Results: This study included 75 randomized controlled trials (RCTs) with 5,254 participants. Network meta-analysis results showed that tai chi [standardized mean difference (SMD), −2.11; 95% CI, −3.62 to −0.61], yoga (SMD, −1.76; 95% CI −2.72 to −0.81), Pilates exercise (SMD, −1.52; 95% CI, −2.68, to −0.36), and sling exercise (SMD, −1.19; 95% CI, −2.07 to −0.30) showed a better pain improvement than conventional rehabilitation. Tai chi (SMD, −2.42; 95% CI, −3.81 to −1.03) and yoga (SMD, −2.07; 95% CI, −2.80 to −1.34) showed a better pain improvement than no intervention provided. Yoga (SMD, −1.72; 95% CI, −2.91 to −0.53) and core or stabilization exercises (SMD, −1.04; 95% CI, −1.80 to −0.28) showed a better physical function improvement than conventional rehabilitation. Yoga (SMD, −1.81; 95% CI, −2.78 to −0.83) and core or stabilization exercises (SMD, −1.13; 95% CI, −1.66 to −0.59) showed a better physical function improvement than no intervention provided.

Conclusion: Compared with conventional rehabilitation and no intervention provided, tai chi, toga, Pilates exercise, sling exercise, motor control exercise, and core or stabilization exercises significantly improved CLBP in patients. Compared with conventional rehabilitation and no intervention provided, yoga and core or stabilization exercises were statistically significant in improving physical function in patients with CLBP. Due to the limitations of the quality and quantity of the included studies, it is difficult to make a definitive recommendation before more large-scale and high-quality RCTs are conducted.

Introduction

Low back pain is a more severe low back pain syndrome that can be classified by duration as acute (pain lasting for less than 6 weeks), subchronic (6–12 weeks), or chronic (more than 12 weeks) (1, 2). Only 39–76% of patients fully recover after an acute pain episode, suggesting that a significant proportion suffer from chronic low back pain (CLBP) (3). CLBP is a common and effective public health problem worldwide and is the second most common reason for medical visits in people aged 65 years or older (4, 5). Studies have found that the incidence and prevalence of CLBP increase with age (6–8). CLBP imposes an enormous economic and social burden, which will become even more onerous in the coming decades as the number of patients with CLBP is expected to increase significantly (9). In addition, a study of nearly 200,000 people in 43 countries found that those with CLBP were twice as likely to suffer from depression, anxiety, psychosis, or sleep deprivation (10, 11).

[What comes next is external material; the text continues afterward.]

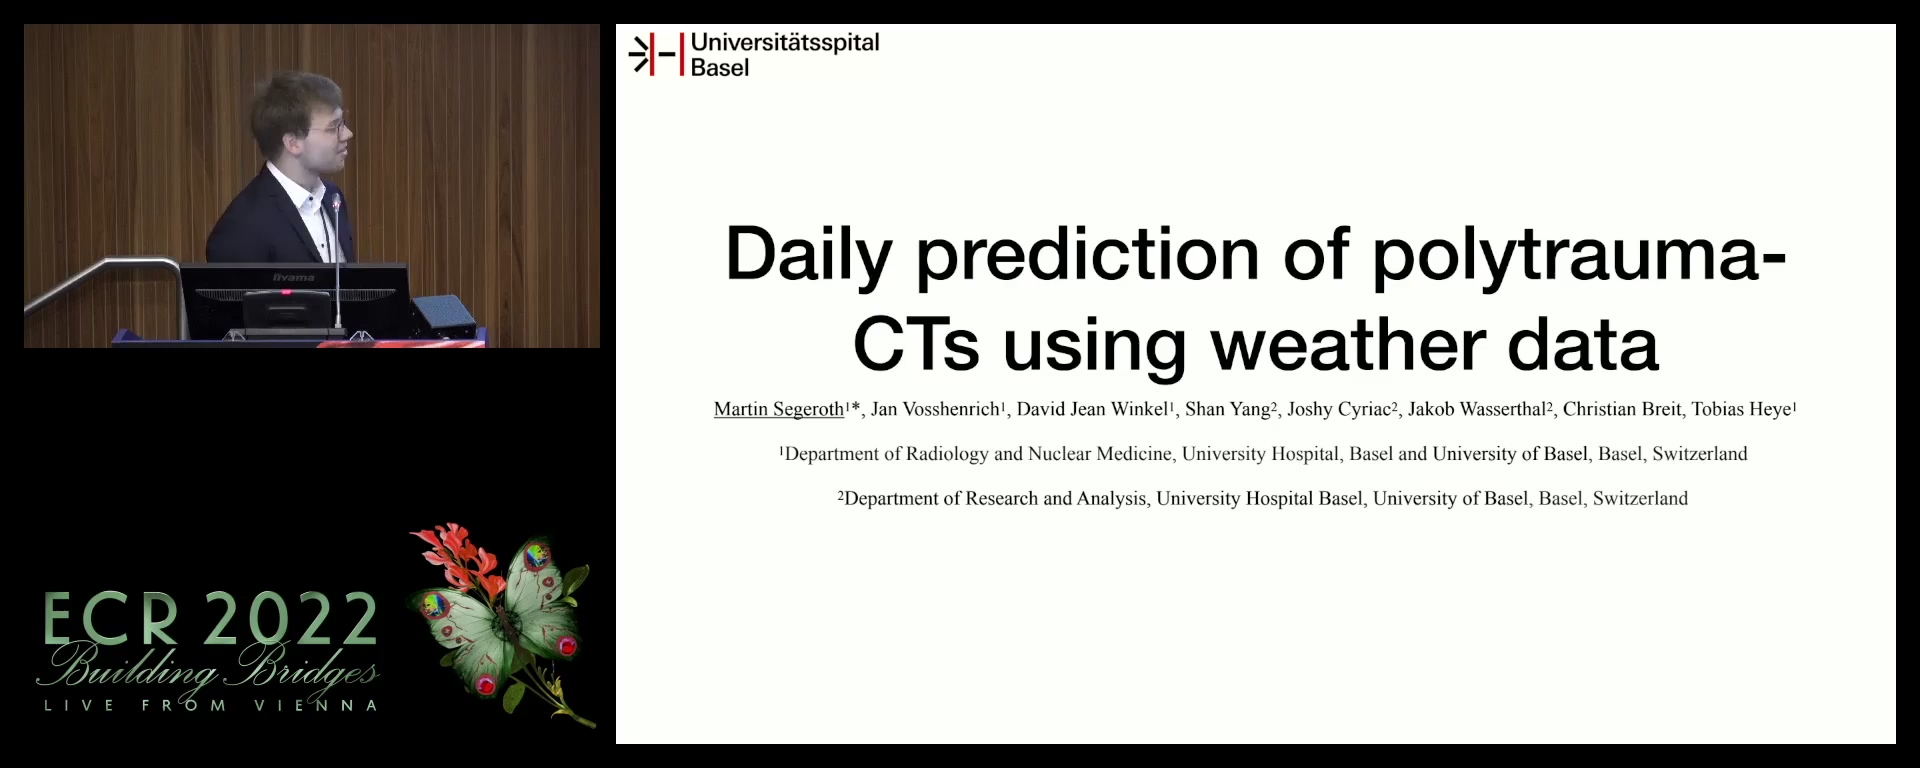 Daily prediction of polytrauma-CTs using weather data - Martin Segeroth, Basel / CH

CLBP can lead to disability, high treatment costs, absenteeism, and sick leave (10). Exercise therapy is based on kinematics, biomechanics, physiology, and pathology to improve body function, regulate physiological state, improve mental quality, and eliminate mental disorders. Exercise therapy is characterized by low harm, low cost, and easy implementation and has become the first choice in the clinical treatment of CLBP (12). There are many kinds of exercise therapy (12), and it is unclear which exercise therapy is the best. Direct comparative evidence of exercise therapy suggests that core stability training is more effective than aerobic and stretching exercises in treating CLBP (13).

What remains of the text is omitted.